I am a beginner in Big Data and I’m confused about when to use RDDs versus DataFrames. With Spark 3.5 being the current standard, is there still a reason to use the lower-level RDD API, or should we strictly stick to the strongly-typed Datasets for our production machine learning and ETL pipelines?
3 answers
For 99% of use cases, DataFrames are the way to go. They benefit from the Catalyst Optimizer and the Tungsten execution engine, which makes them significantly faster than RDDs. RDDs (Resilient Distributed Datasets) are lower-level and don't understand the schema of your data, meaning Spark can't optimize the execution plan. You should only drop down to the RDD API if you need to perform very specific, low-level functional transformations that aren't available in the SQL or DataFrame API. Datasets are a middle ground, offering the type-safety of RDDs with the optimization of DataFrames, but they are primarily used in Scala/Java rather than PySpark.
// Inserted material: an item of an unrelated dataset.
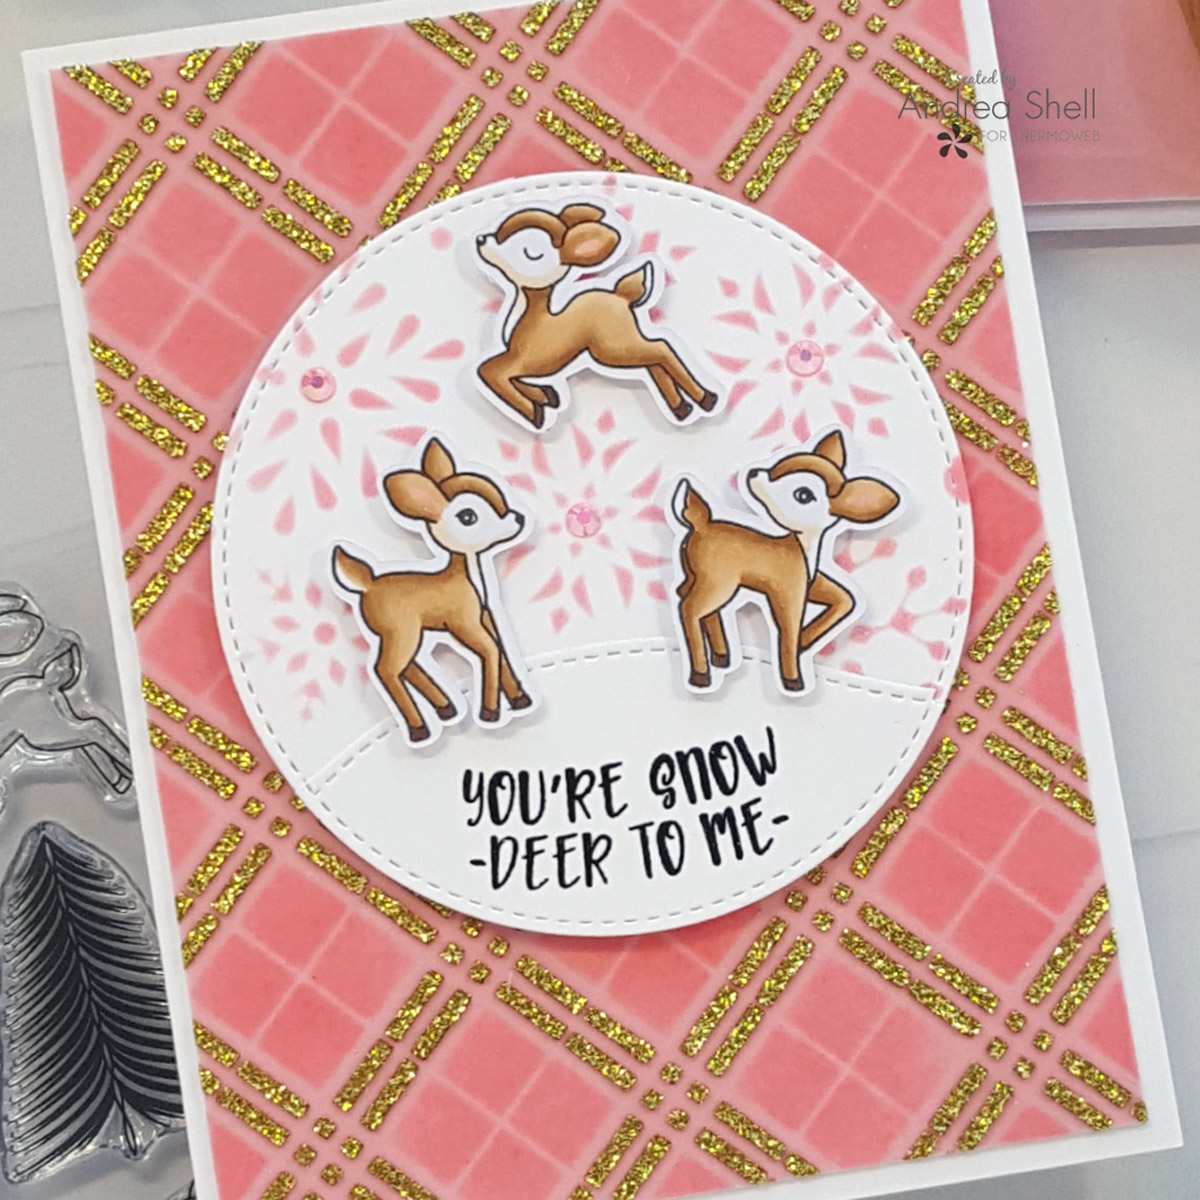 Snow Deer card by Andrea Shell | Snow Deer to Me stamp by LDRS Creative

Melissa, that’s a very clean breakdown! However, doesn't using Datasets in Scala come with a performance hit due to the serialization overhead of Java objects? I’ve heard that DataFrames are actually faster because they stay in the highly optimized off-heap memory. What's your take?
Stick to DataFrames. The Spark community has moved almost entirely to the DataFrame API because it allows for much easier integration with Spark SQL and better overall execution speed.
I agree. Even for Machine Learning via MLlib, most of the newer APIs are now built around DataFrames. Learning RDDs is good for understanding the history, but it's not a daily requirement for a modern Data Scientist.
Christopher, you hit the nail on the head. Datasets involve more "garbage collection" because they deal with JVM objects. For performance-critical applications where you don't absolutely need compile-time type checking, DataFrames are actually the faster choice because they leverage the Tungsten binary format directly without the overhead of object serialization.